--- Data section Enclosed Below ---
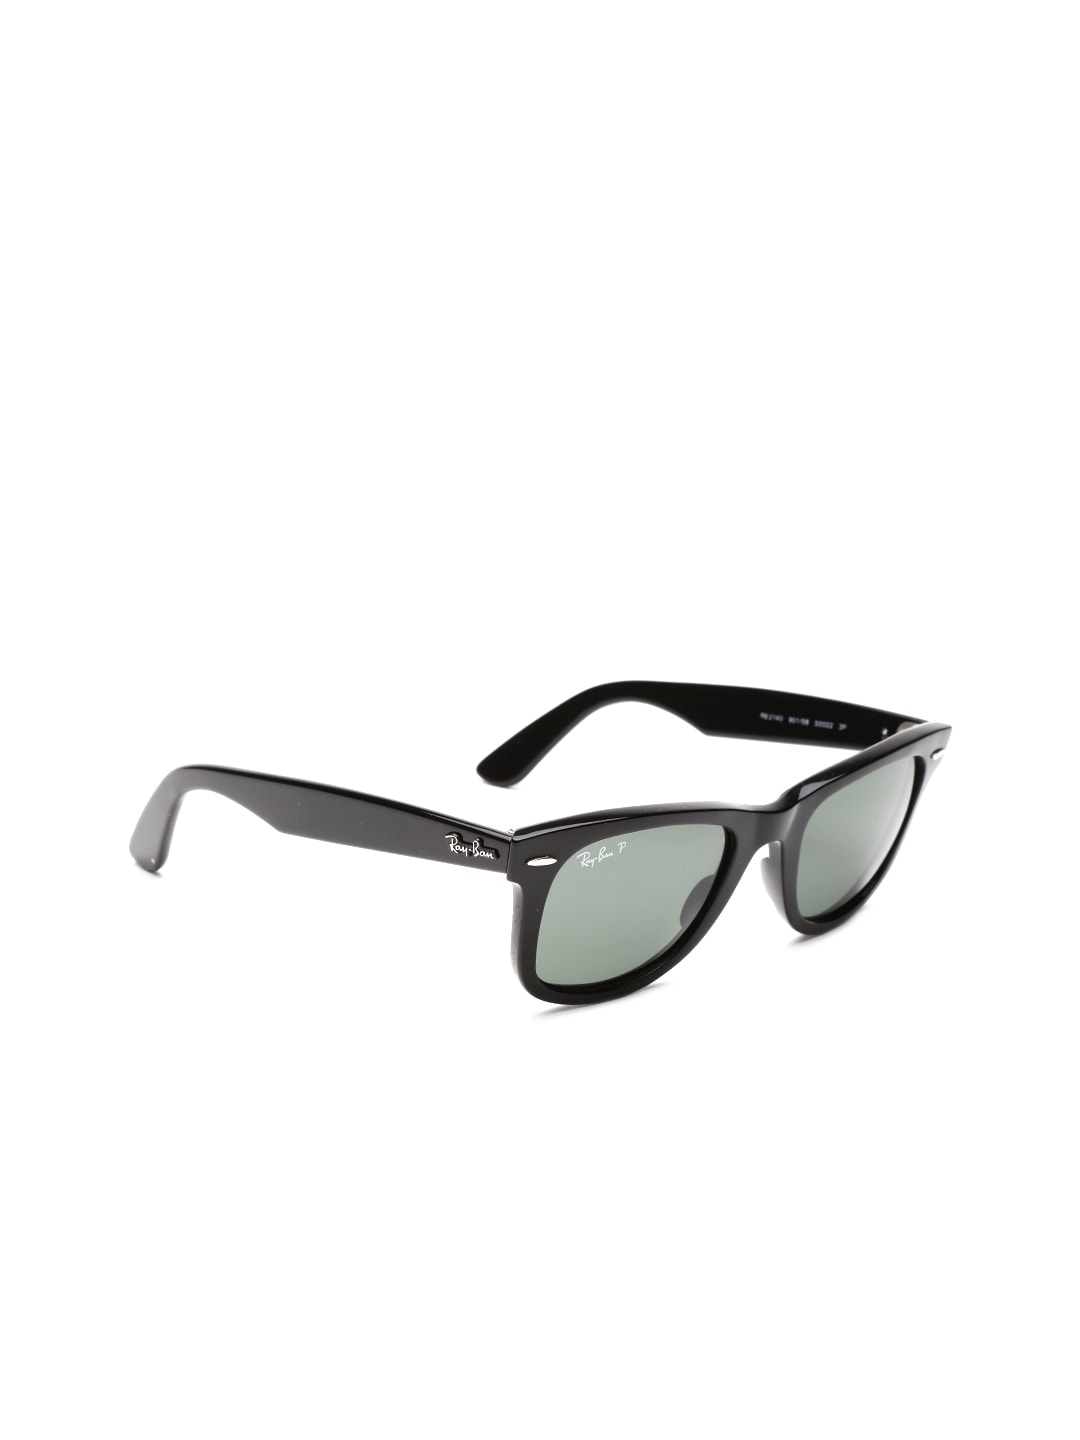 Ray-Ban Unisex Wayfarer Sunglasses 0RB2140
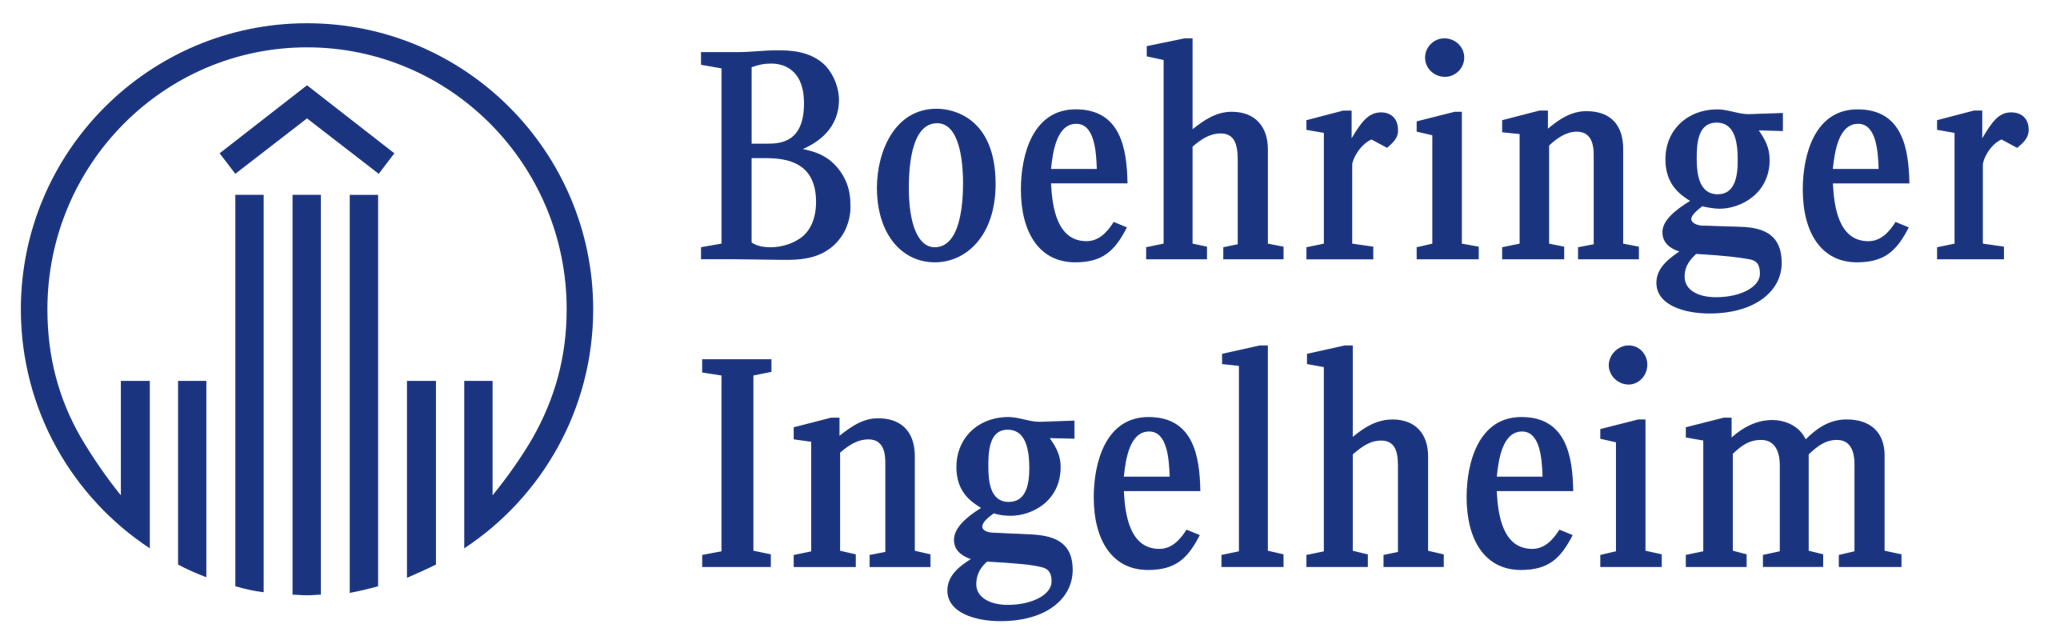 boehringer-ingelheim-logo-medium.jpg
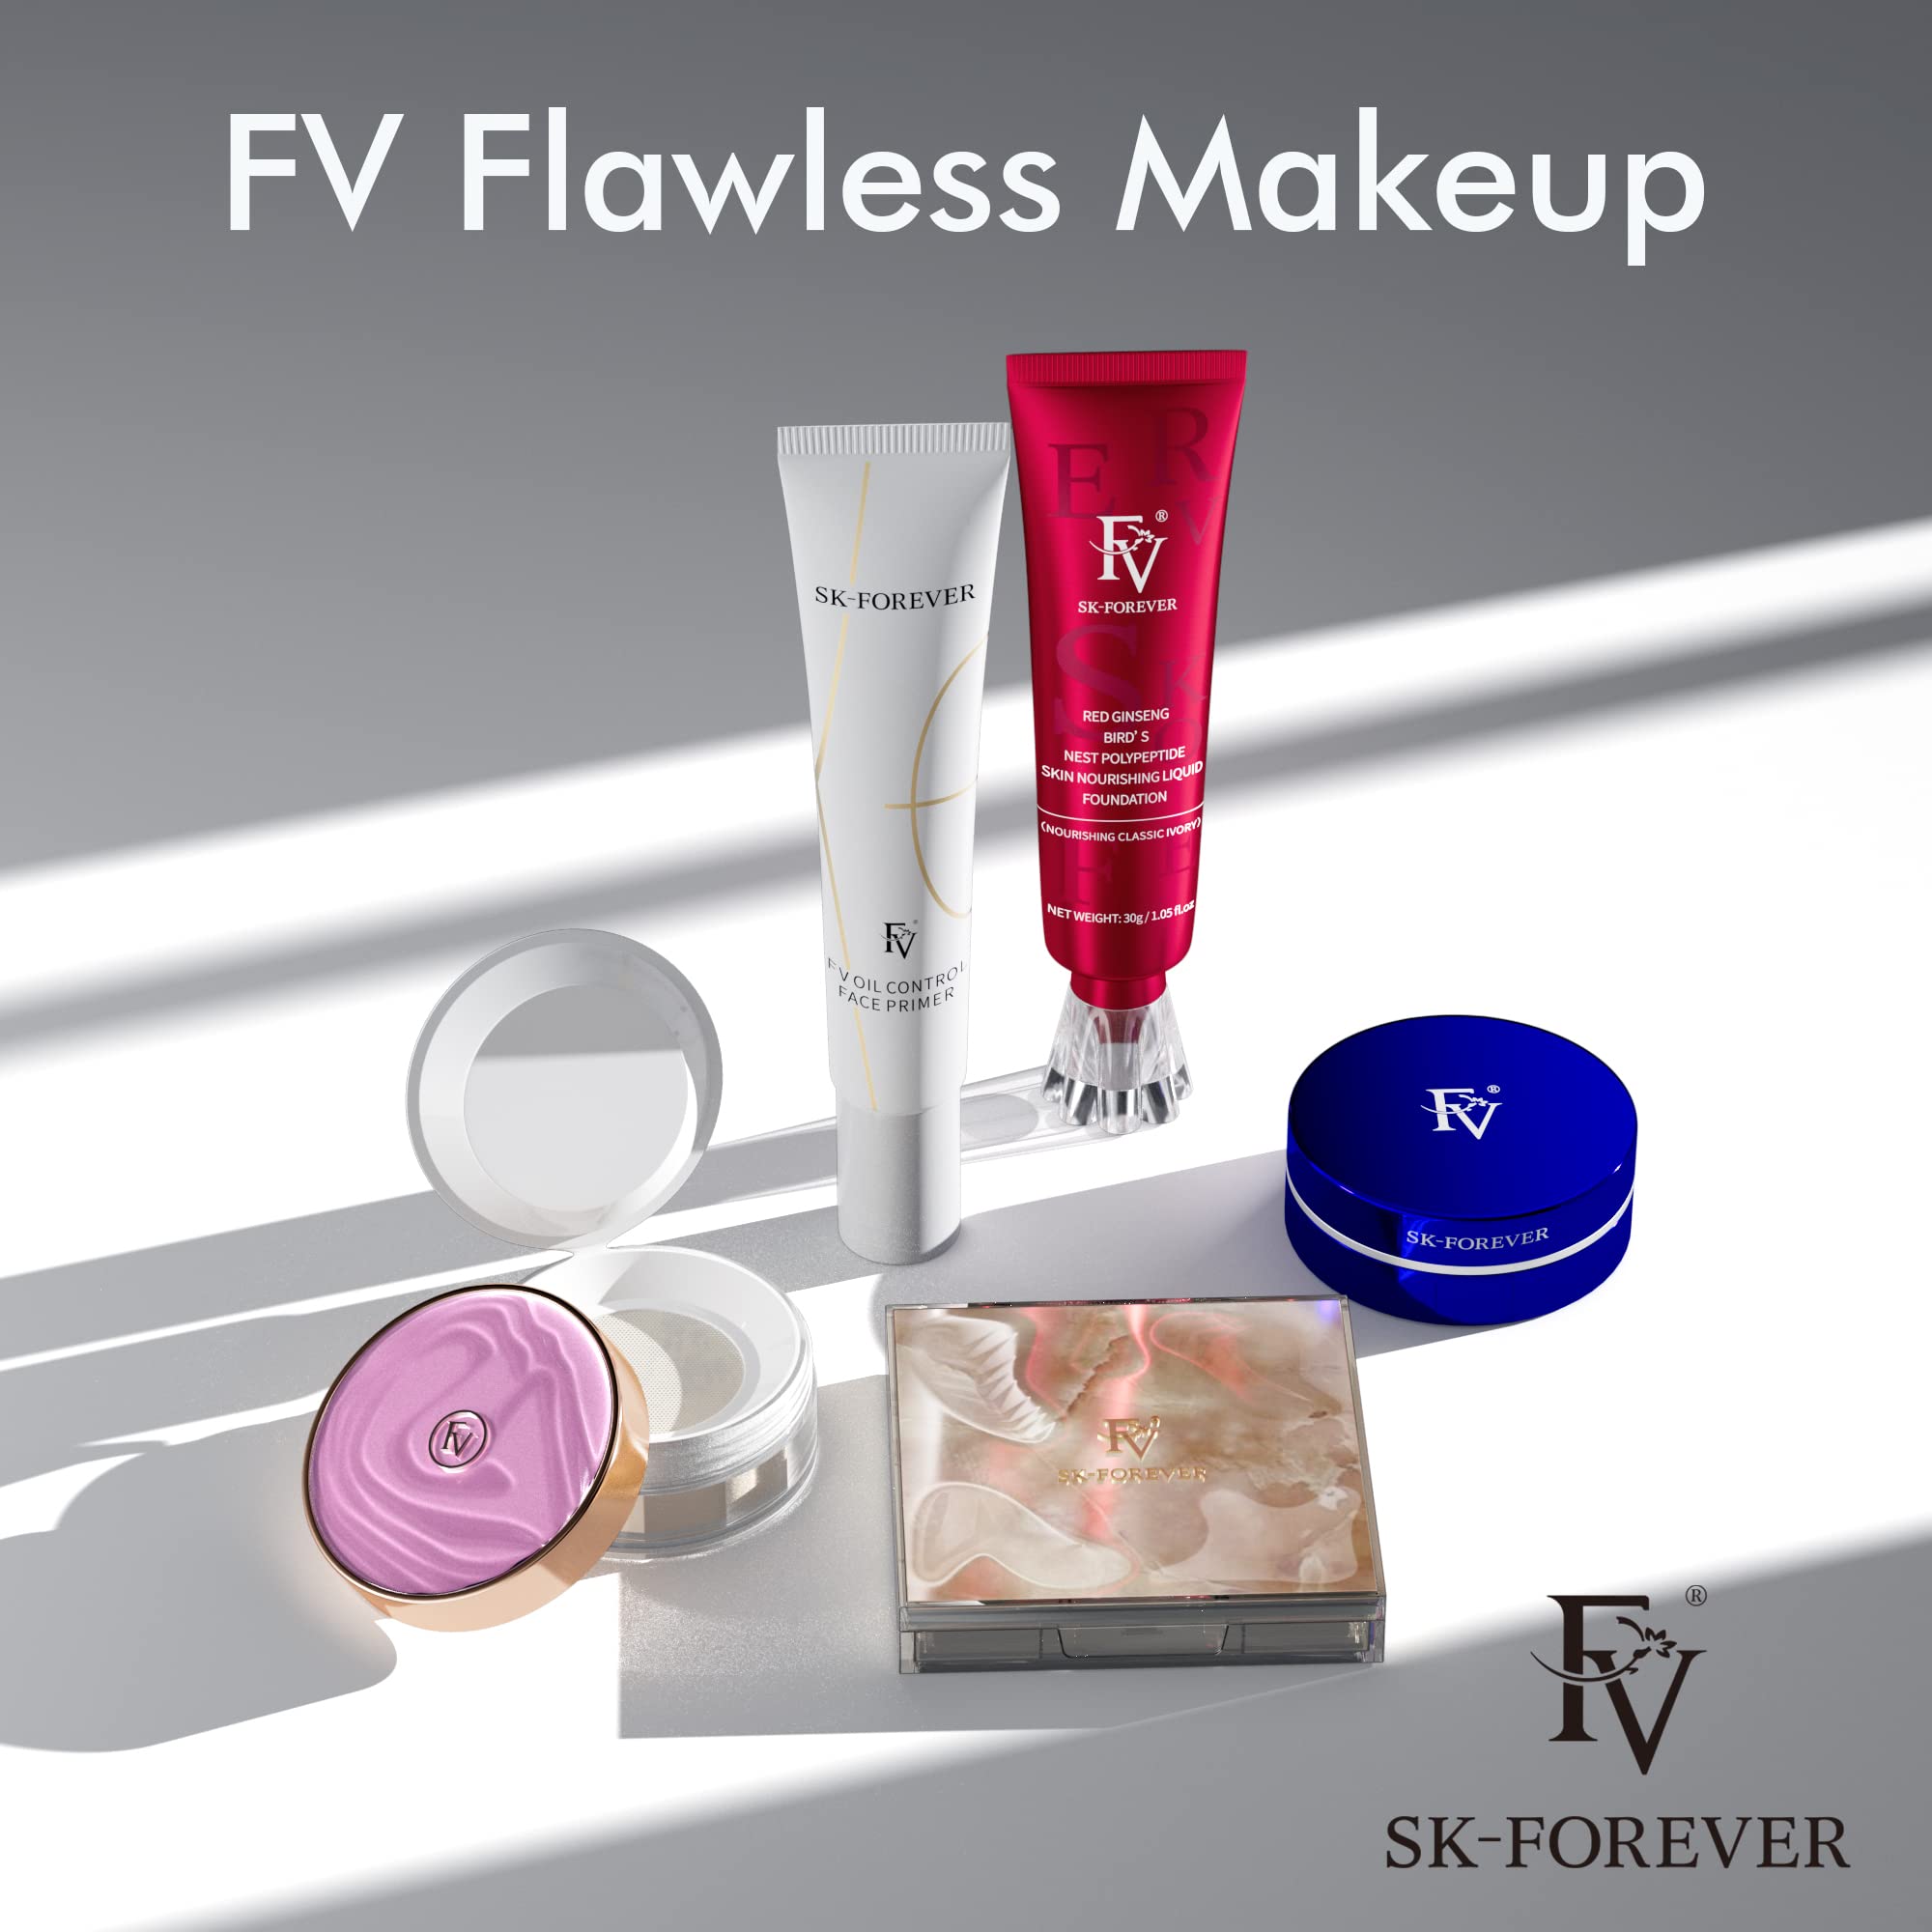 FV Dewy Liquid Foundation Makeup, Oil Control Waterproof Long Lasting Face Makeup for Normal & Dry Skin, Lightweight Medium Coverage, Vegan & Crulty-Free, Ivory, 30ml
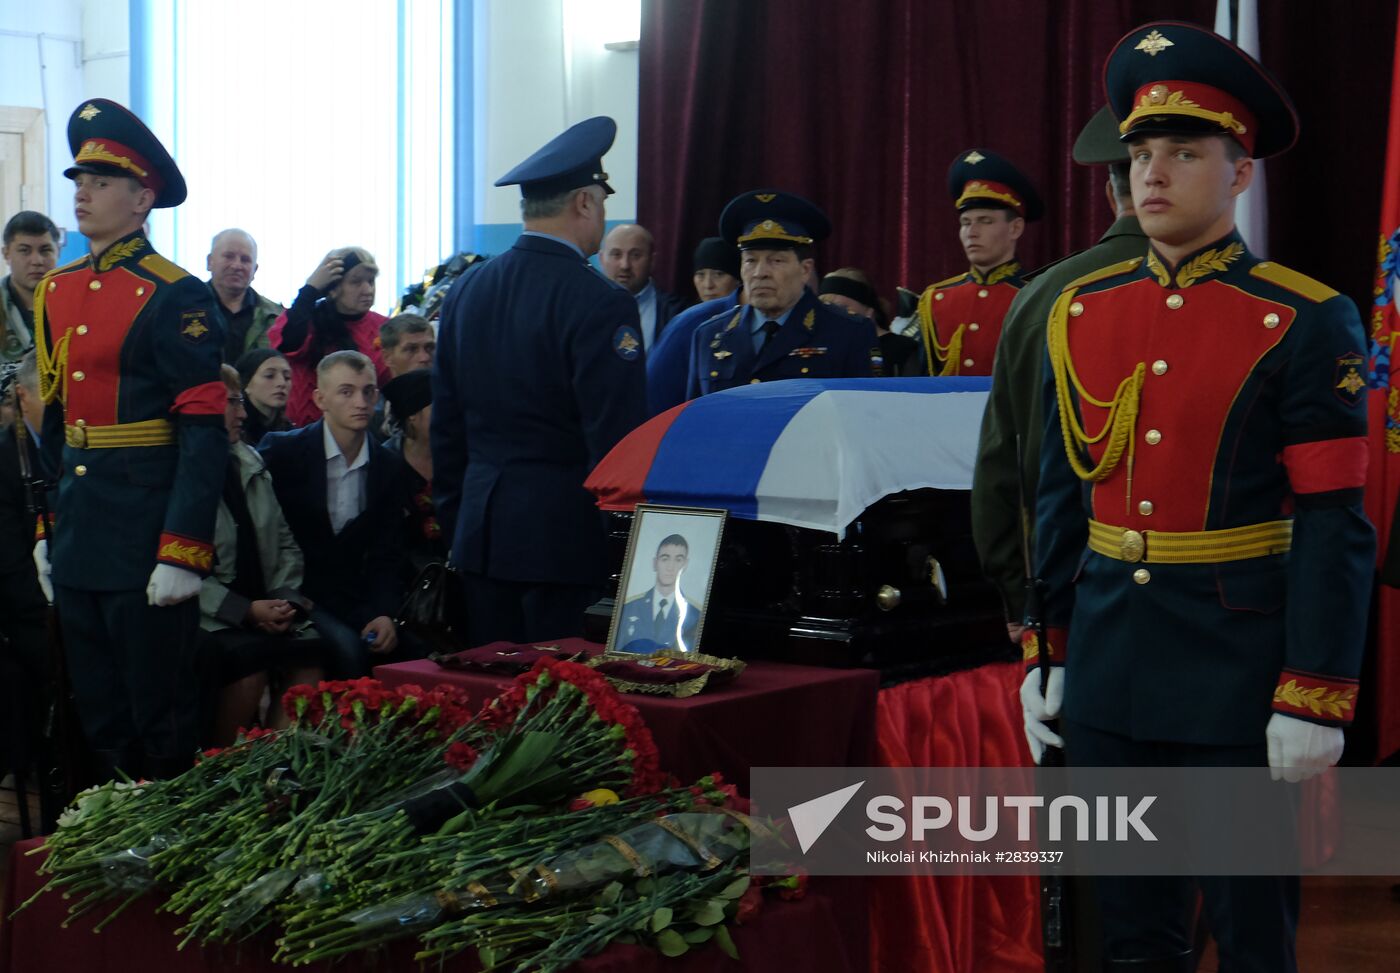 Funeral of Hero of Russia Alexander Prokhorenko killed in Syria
--- End of Enclosed Data section ---
* [Exercise instructions]: Print the listing verbatim; no pictures.

* [Answer space]:
 Ray-Ban Unisex Wayfarer Sunglasses 0RB2140
 boehringer-ingelheim-logo-medium.jpg
 FV Dewy Liquid Foundation Makeup, Oil Control Waterproof Long Lasting Face Makeup for Normal & Dry Skin, Lightweight Medium Coverage, Vegan & Crulty-Free, Ivory, 30ml
 Funeral of Hero of Russia Alexander Prokhorenko killed in Syria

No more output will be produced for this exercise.